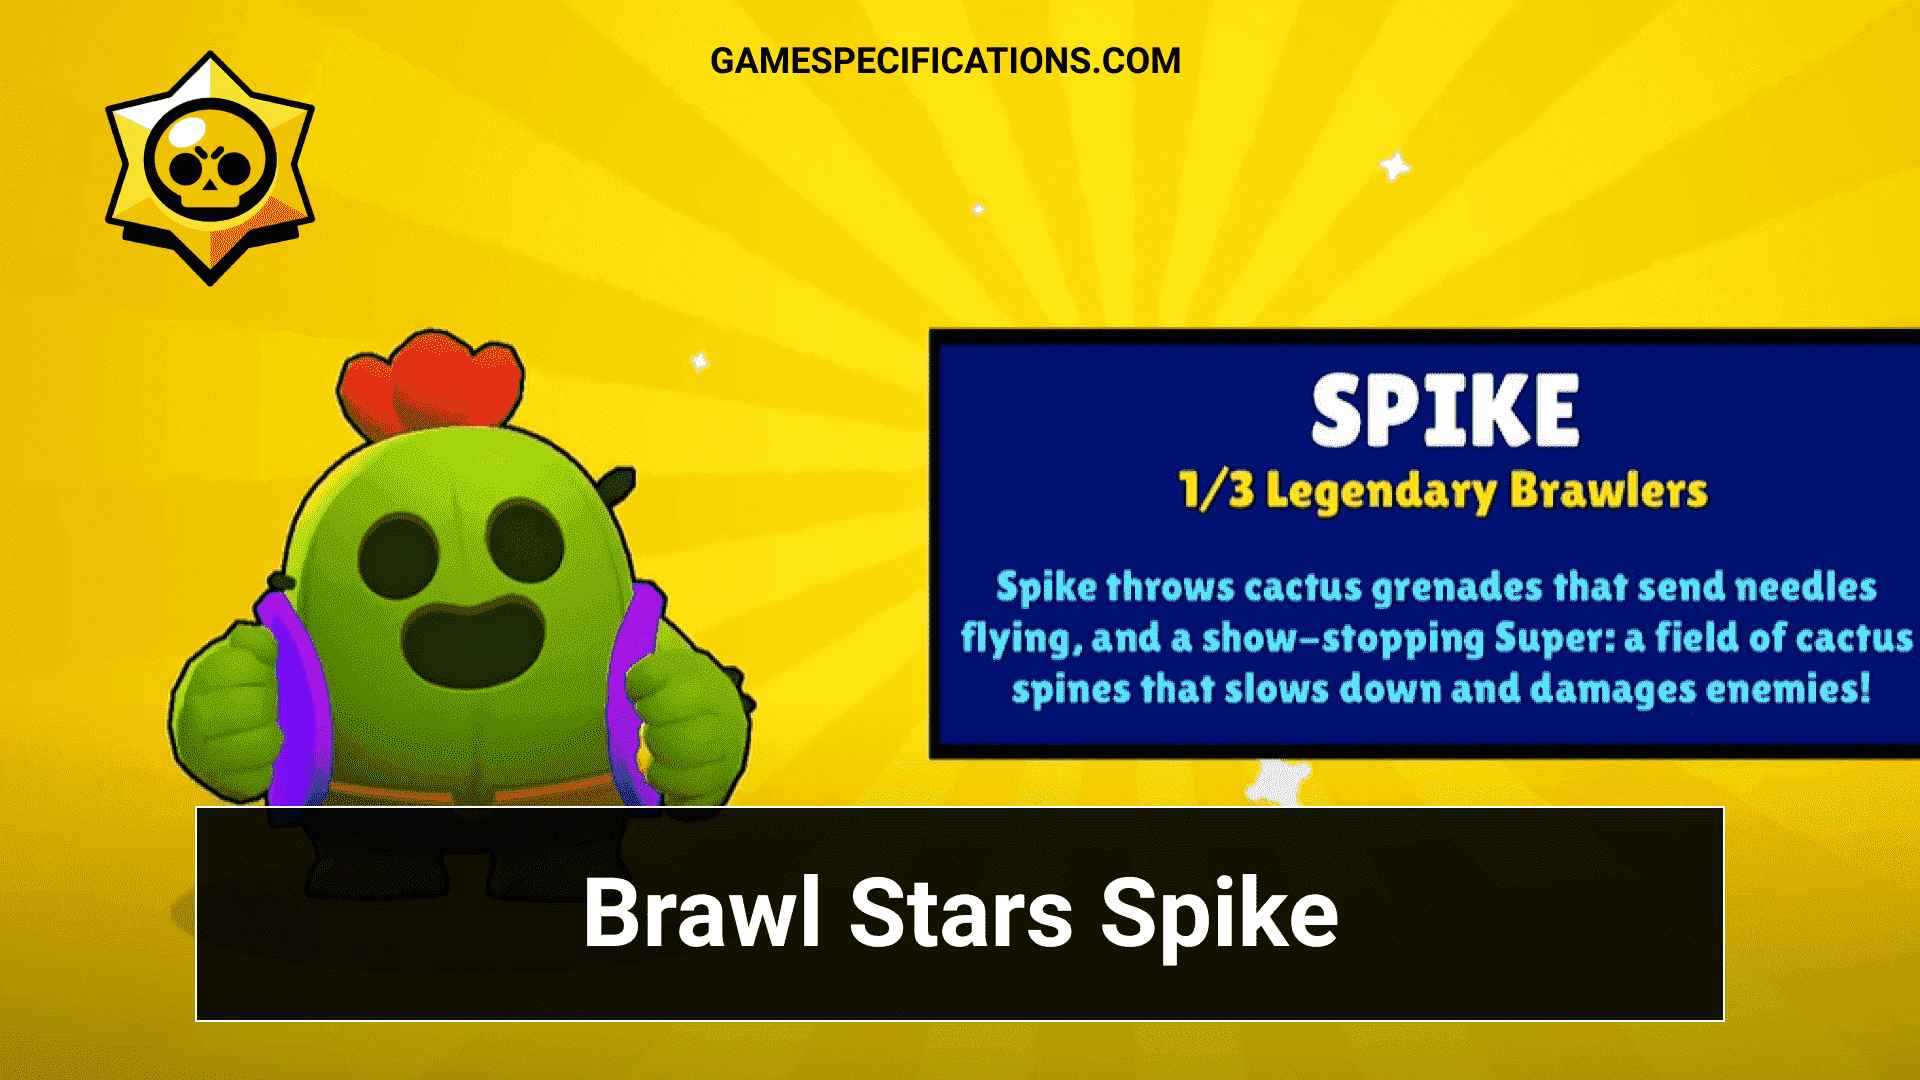 Brawl Stars Spike Introducing The Legendary Character In The Game Game Specifications - crow legendary brawlers brawl stars wallpaper
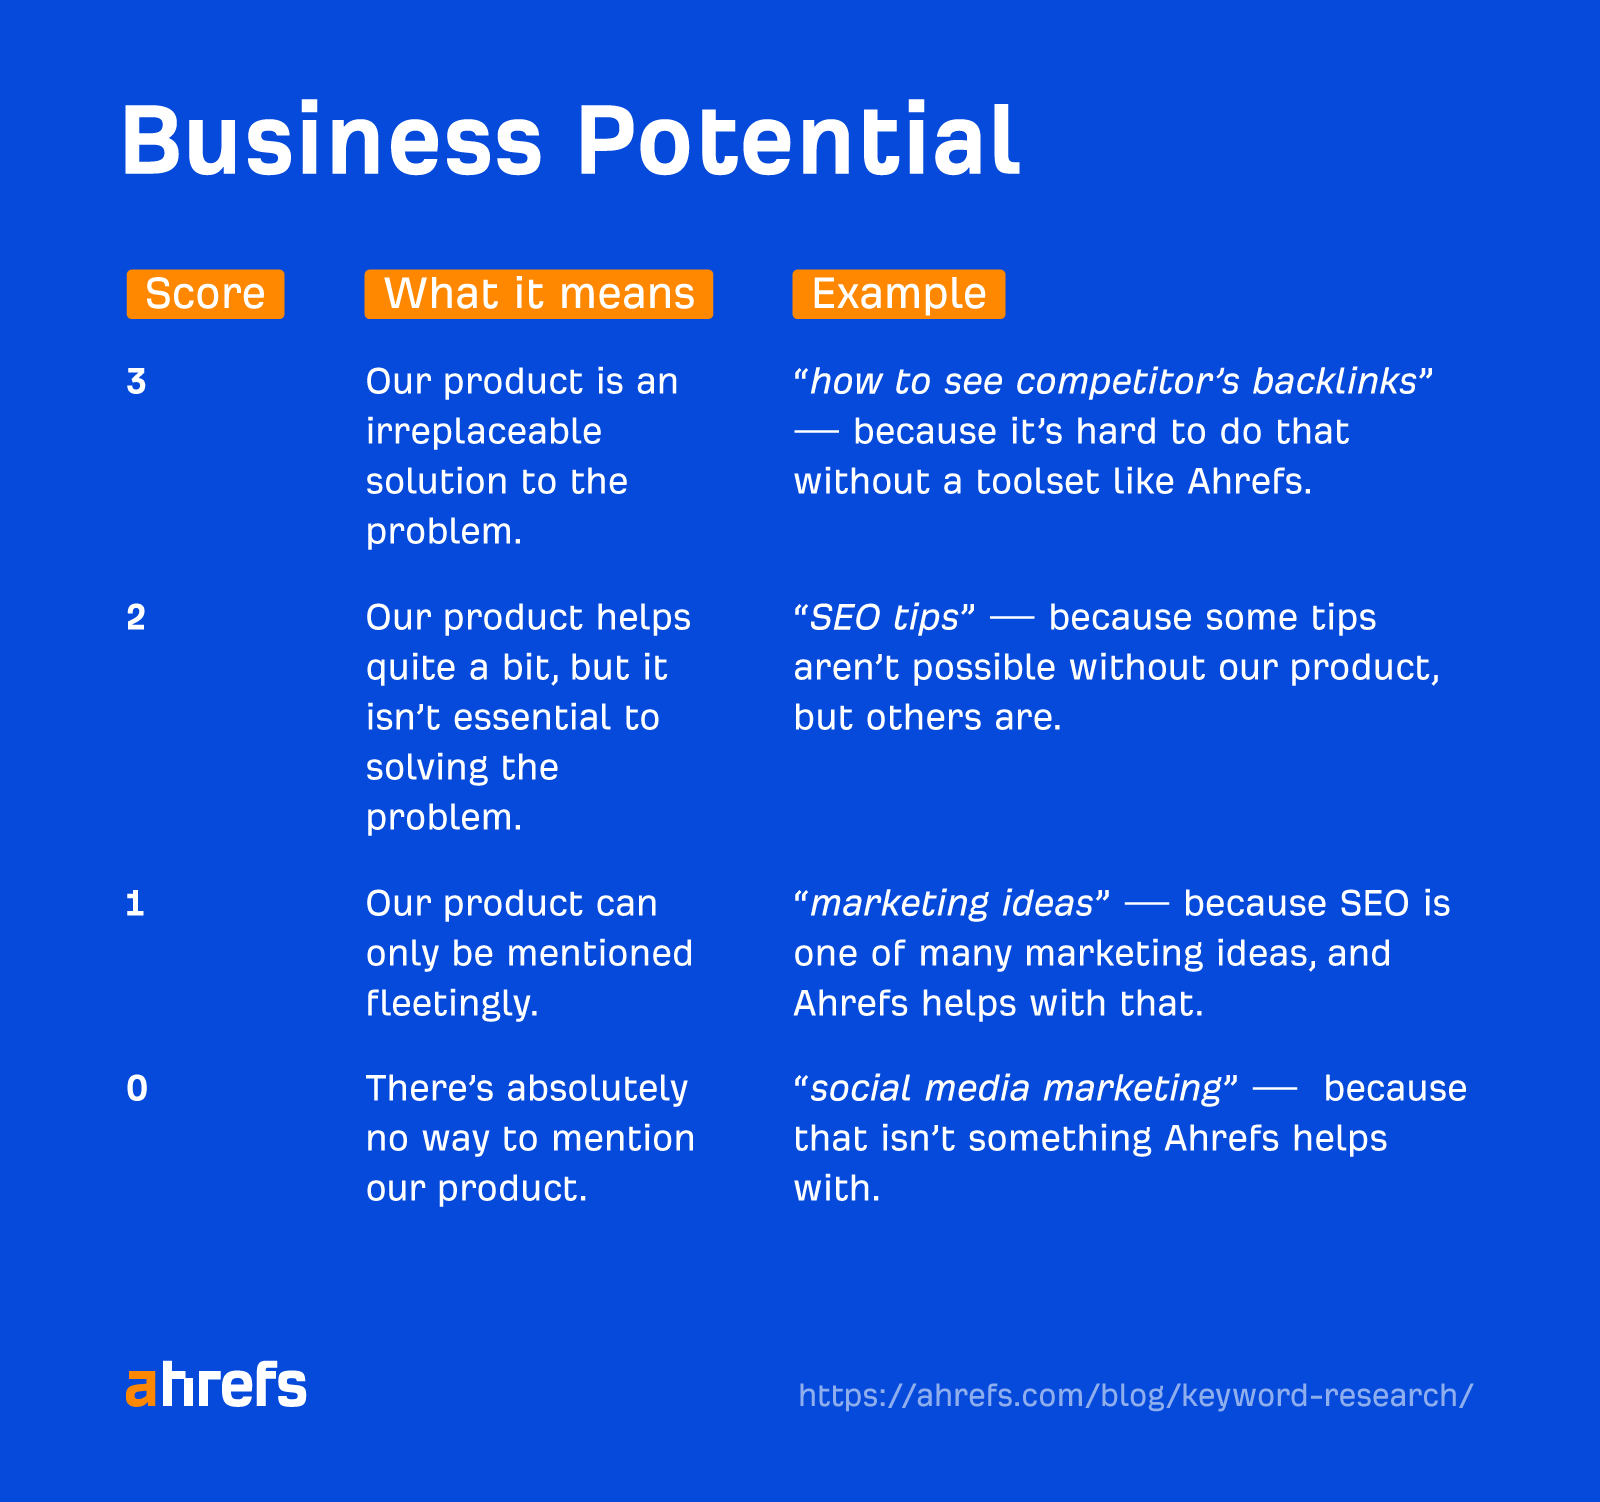 How the "business potential" scoring system works
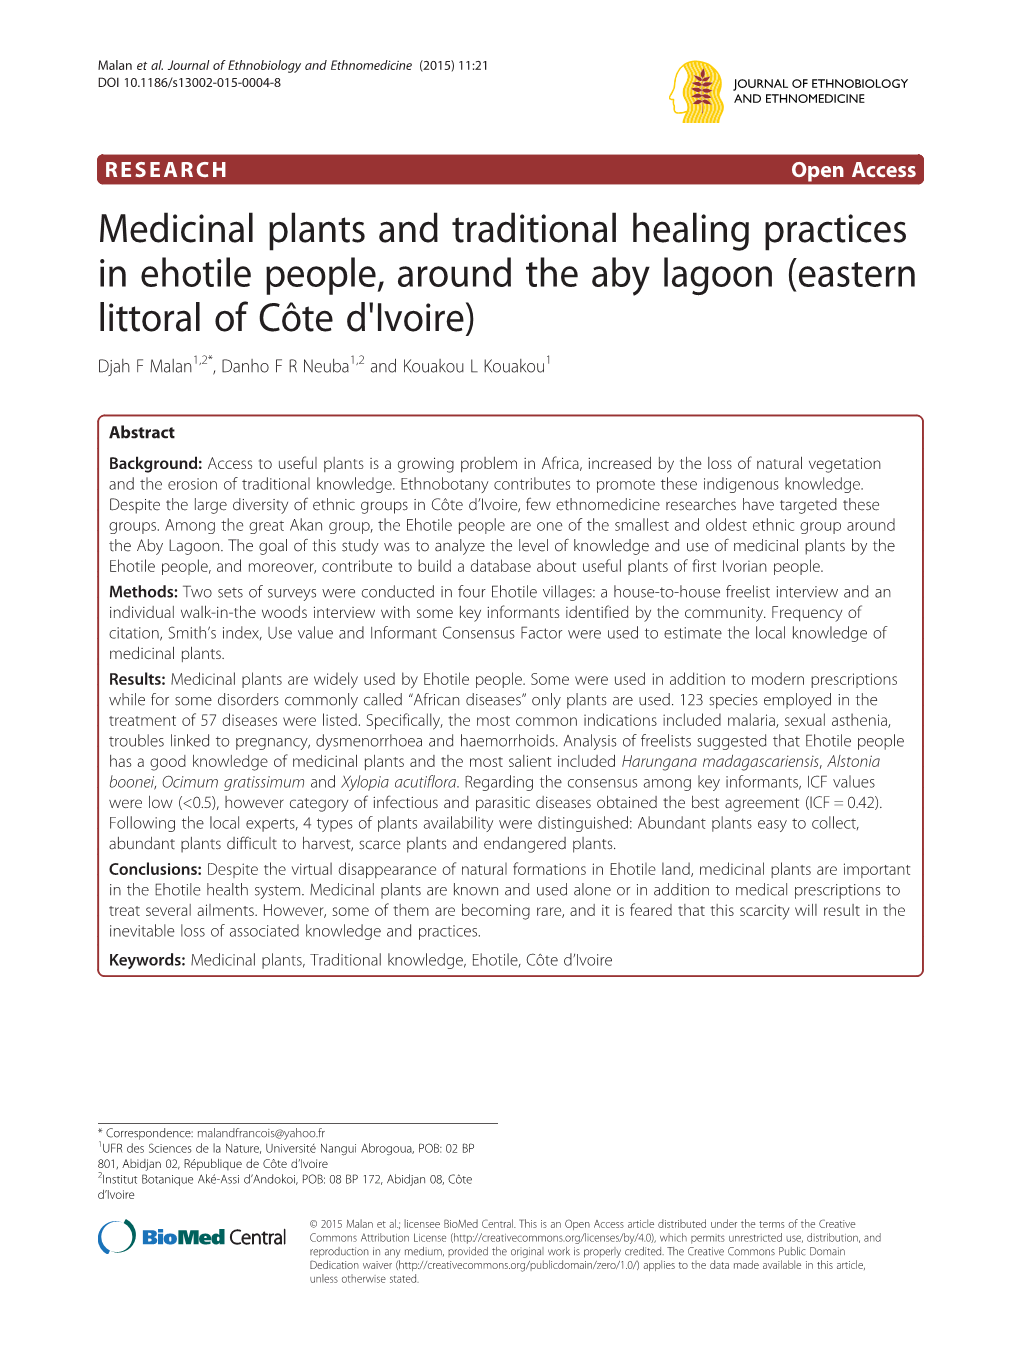 Medicinal Plants and Traditional Healing Practices In
....
# [Exercise prompt]
Each line from the one that holds "scoring system works" through the final line of the data must be retyped exactly; the pictures must not appear.

# [Answer to the problem]
 How the "business potential" scoring system works
 Medicinal Plants and Traditional Healing Practices In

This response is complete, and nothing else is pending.